Eventually, as the dawn of the Internet gave way to the full-saturation of web culture, Lonsdale began to explore the Digital New Age, which she describes as “a social community dedicated to personal transformation through technology and self discovery.”
When the artist encountered “aura photography,” which is made with the use of a very special camera that can actually capture a person’s individual essence and electromagnetic energy, thereby illuminating their true selves, she found the perfect marriage of art and science. For audiences, this means a deeper connection with the subjects.
Metal sensors help capture a person’s inner vibe inside a specially-designed “dome” that looks like a small spaceship, wherein energy can be viably concentrated. Using a hand-modified Polaroid camera, the wavelengths of a sitter’s spirit are translated into vibrant and otherworldly colors.
With her newfound tools, Lonsdale found that she was able to connect her formative childhood experiences with those of the burgeoning realm of social media to embark. Therefrom sprang the triumph of the Radiant Human project.
“As human beings, we carry electricity inside us,” Lonsdale said in a 2019 interview with Artnet News. “It radiates past our skin in what’s known as an electromagnetic field.”
What emerges, in Lonsdale’s words, is essentially the OG Instagram filter.
“Instead of doggie ears and Coachella wreathes, you have the color of your energy,” she says.
In the book, Lonsdale provides detailed case studies that describe what certain colors indicate about a person’s aura.
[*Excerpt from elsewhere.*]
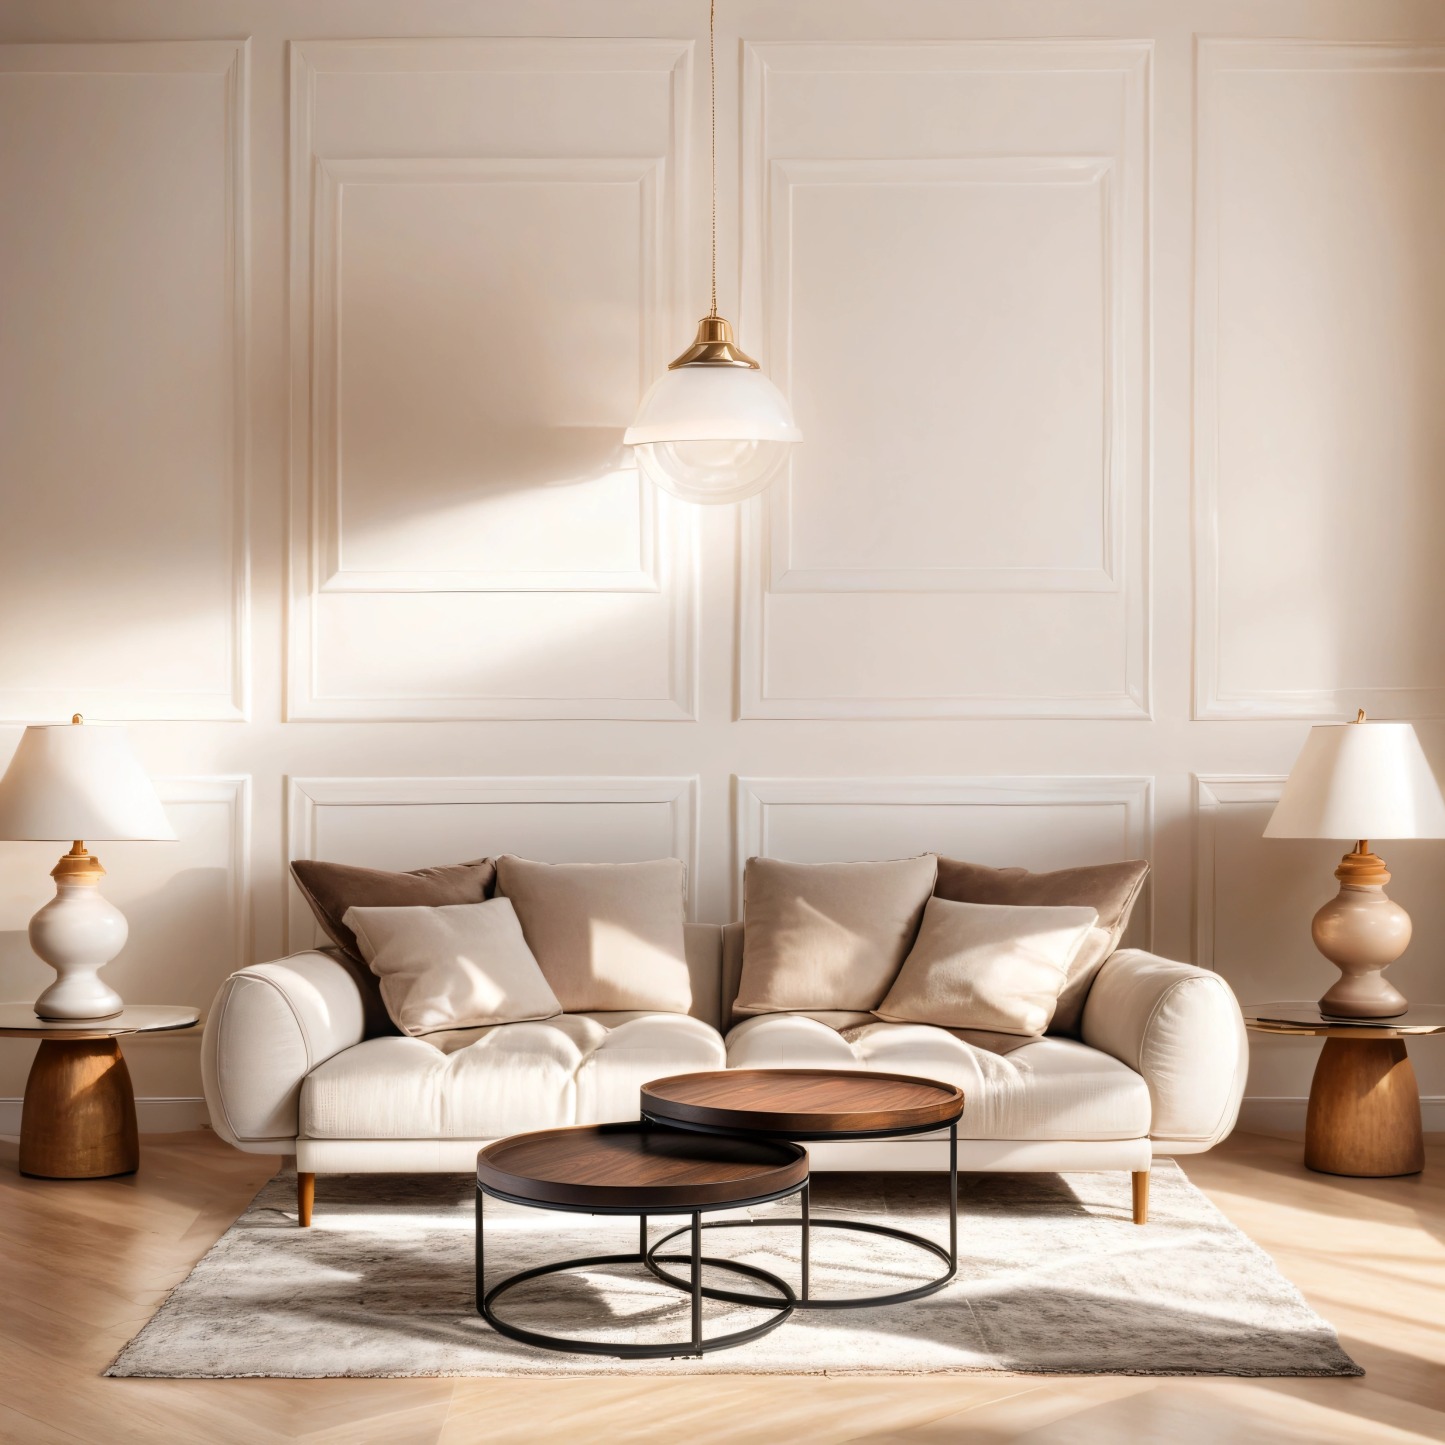 2 - Piece Modern Living Room Luxury Round Coffee Table

Through hundreds of photographs, including remarkable images of celebrities such as Busy Philipps, Zosia Mamet, Chloë Sevigny, Joseph Altuzarra, and SZA, she pulls out the nuances of individuals’ personalities through the gradient colors of a Polaroid.
Sometimes, the auras are almost imperceptible, but it’s exactly those discreet and subtle changes that make up the whole of a person’s aura.
“Perceptions can pivot with the click of a shutter,” Lonsdale says on the project’s website, “illuminating our truest selves, and giving new light to what was there all along.”
Radiant Human: Discover the Connection Between Color, Identity, and Energy is forthcoming from Harper Collins this April.